I’m pretty sure they have refrigerators in their apartments, but I suspect that a lot of them would simply forget the food was there and it would just go bad and get thrown out anyway.
Count me in. I was brought up in the middle of nowhere by a grandmother born in 1899 to a family of sharecropers. You can guess how much she liked wasting food. There simply was no food wasted (and bread was particularly holy). Worst case scenario, it ended up feeding some relative’s pigs or chickens.
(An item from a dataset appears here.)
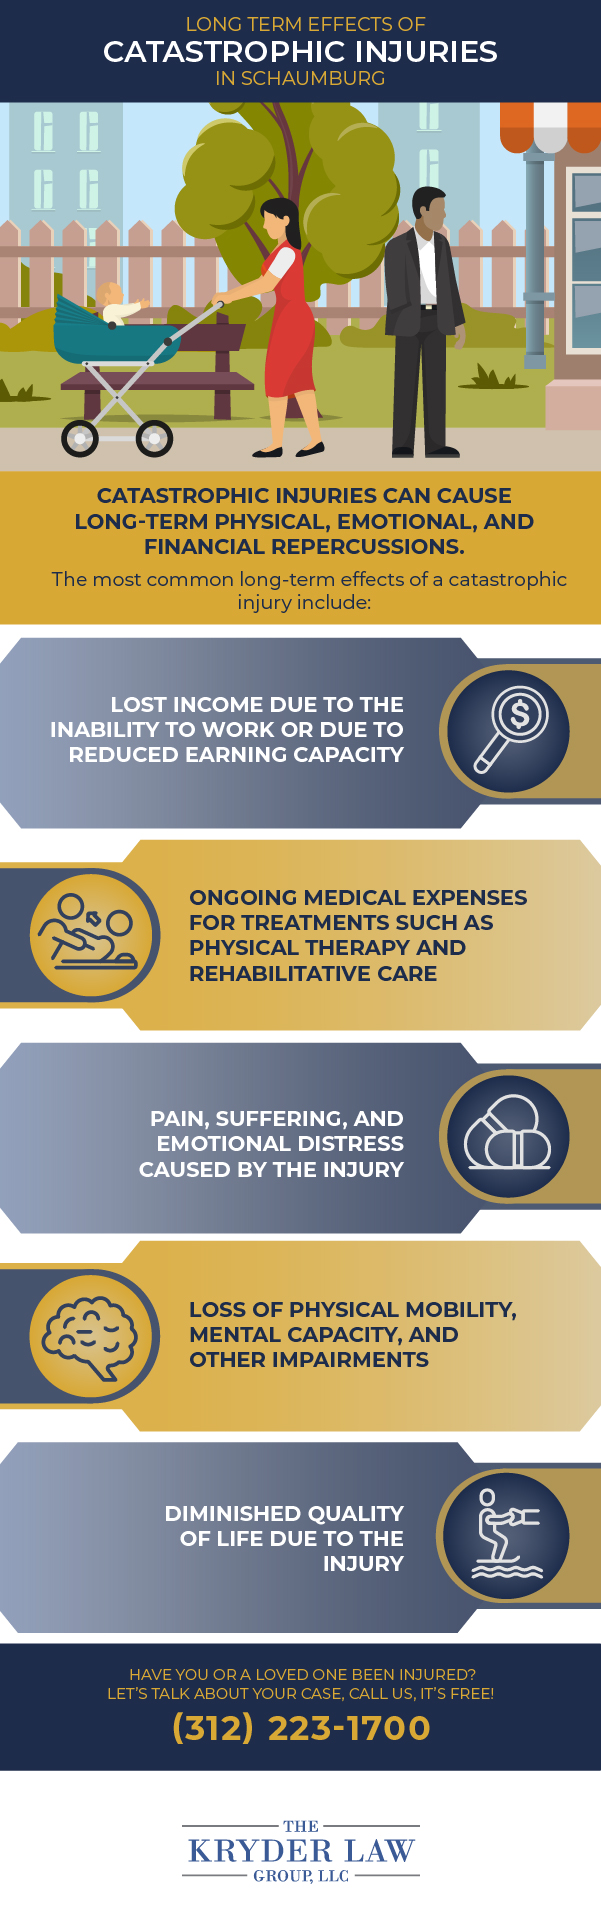 Long Term Effects of Catastrophic Injuries in Schaumburg Infographic

I do in fact waste food. Typically food I’m not enthralled about that goes past the expiration date in the fridge. But I can almost hear my grandmother, and all my elderly relatives from back when I was a kid, spinning in their graves when I do so.
It’s a generational thing. Grandparents generation, grew up in the Depression (which lasted much of the Twenties here) and went through wartime rationing (which continued til the mid-Fifties), they did not like to waste food, and would send you home with “a piece of cheese for Phoebe [the dog]” or “a slice of ham for His [father’s] tea” rather than waste it. Their children were much the same. “Think of the sailors dying to bring that across the Atlantic to you”.
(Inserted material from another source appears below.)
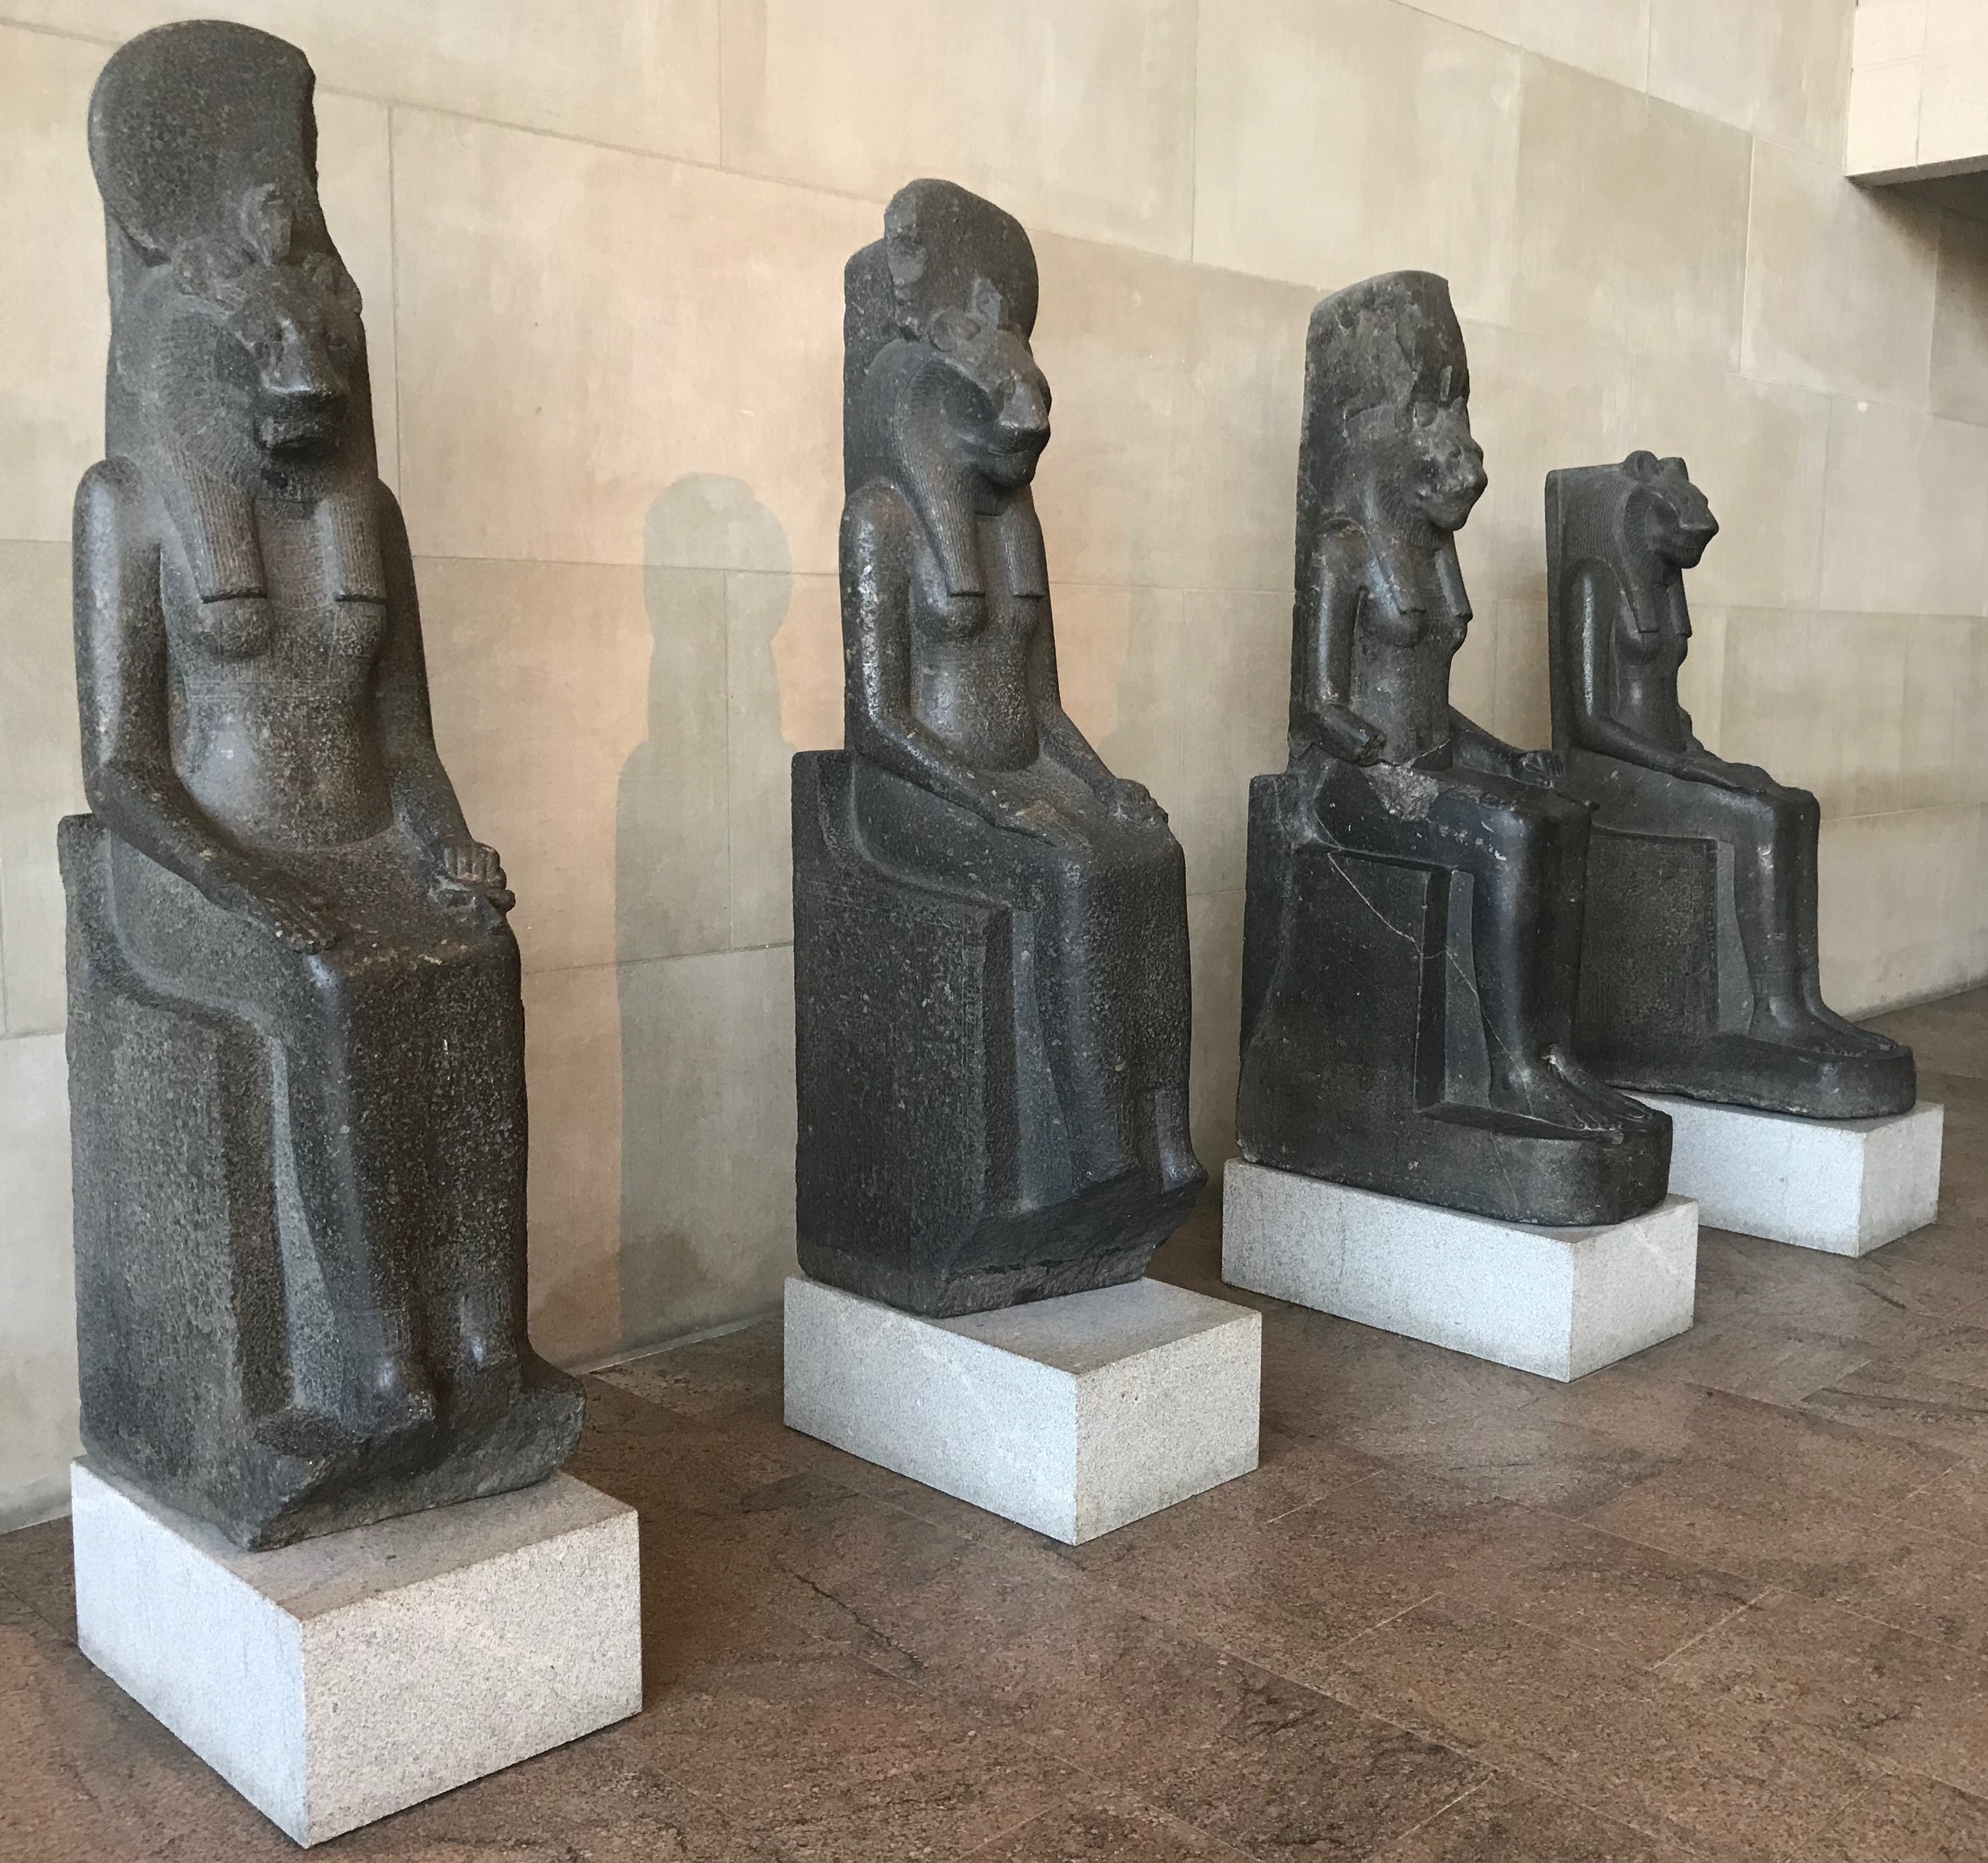 Four statues of the goddess Sachet face the Temple of Dendur in the Sackler Wing at the Metropolitan Museum of Art in New York City. (DCNF/Ethan Barton)

I never buy yogurt anymore. Grandmother has a refrigerator in her room at the nursing home, and every day, the aide brings her snacks (usually yogurt in the mornings and juice and crackers in the afternoon,) and every day, rather than decline the snack, Grandmother has the aide put the yogurt in her little fridge. And twice a week, Ma cleans out the refrigerator and distributes the largesse. I haven’t bought yogurt or snack crackers in a year or more… (As to why Grandmother doesn’t just decline the snacks? I have no idea. She was crazy long before she was senile!)
We try and waste as little as possible. Meaty scraps go to the dog, everything else into a bag for some friend’s pigs, and I have leftovers for lunch at work three or four times a week. About the only food items that go into the general rubbish are cooked bones.
It’s not really a moral issue for me, but verges on one for my wife I think.
Since I am religious, I would not call it a sin. But it does bug the crap out of me. Even if you aren’t going to save it for yourself, there are tons of people who could use it. It’s why my church gives away leftovers for any meals we do.
Though pizza thing described in the OP does almost cross the line. That’s not just wasting leftovers. That’s wasting pretty much the all the food.
As for people saying stuff about keeping leftovers you don’t want, that’s a completely different issue. If you didn’t like the food, but have clearly eaten out of it, that’s not nearly so wasteful. But if you did like the food, why would leftovers be bad? You have at least 5 days to eat them.